I know that the scalar product of two vectors $\vec u$ and $\vec v$ is given by $$\vec{u}\cdot\vec{v} = |\vec{u}||\vec{v}|\cos(\theta)$$

After years of using this formula I thought I had a firm handle on the concept of orthogonality in the context of vectors.

Then recently I found two examples of pairs of vectors that I thought were not orthogonal due to a non-zero scalar product, but I was told otherwise.

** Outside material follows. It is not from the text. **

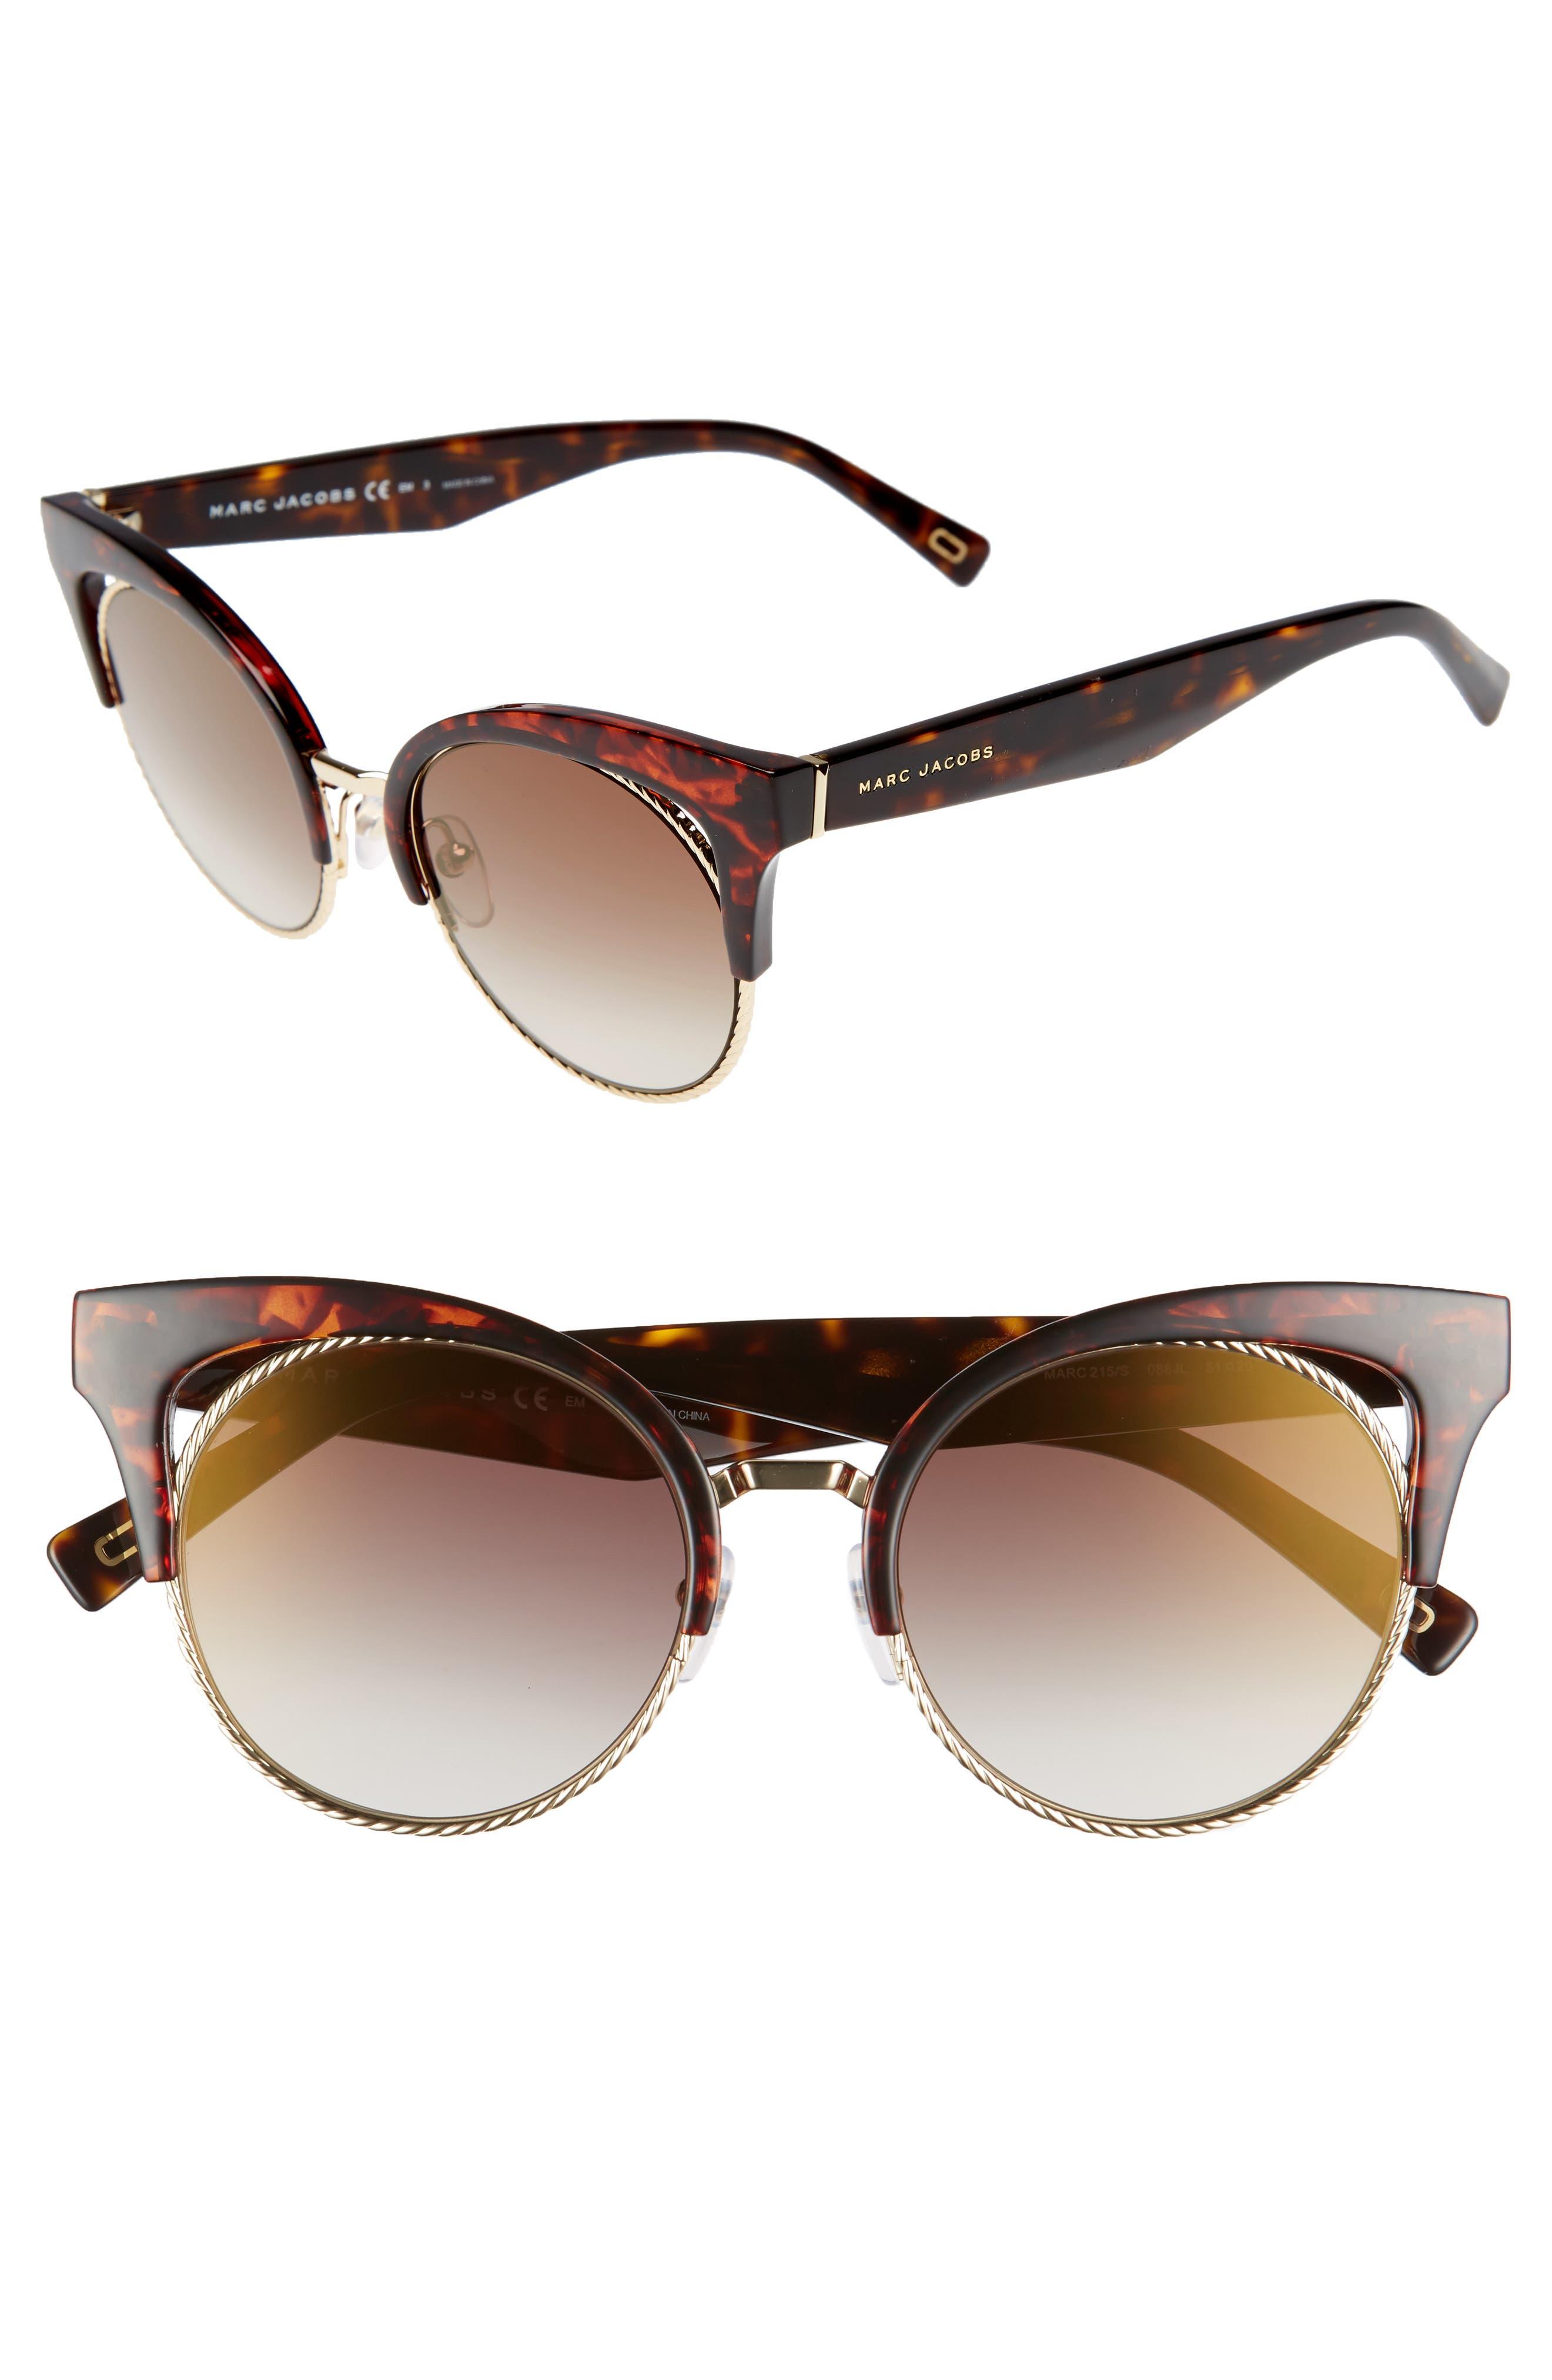 51mm Gradient Lens Cat Eye Sunglasses,                         Main,                         color, Dark Havana

The first pair of vectors is $\vec u=\begin{bmatrix}3 \\-2 \\1 \end{bmatrix}$ and $\vec v=\begin{bmatrix}1 \\4 \\2 \end{bmatrix}$ $$\vec u \cdot \vec v =\begin{bmatrix}3 \\-2 \\1 \end{bmatrix}\cdot\begin{bmatrix}1 \\4 \\2 \end{bmatrix}=3\times 1-2\times 4 +1\times 2=3-8+2=-3\ne 0$$

The second pair the vectors are $\vec p = \dfrac{1}{\sqrt{13}}\begin{bmatrix}-3 \\-2 \end{bmatrix}$ and $\vec q = \dfrac{1}{\sqrt{13}}\begin{bmatrix}3 \\-2 \end{bmatrix}$

The scalar product is $$\vec p \cdot \vec q=\begin{bmatrix}-3 \\-2 \end{bmatrix}\cdot\begin{bmatrix}3 \\-2 \end{bmatrix}=-9 + 4=-5\ne 0$$

If I'm not missing something very simple here then has there been some kind of mistake and both the sets of vectors I mentioned are not orthogonal as I thought?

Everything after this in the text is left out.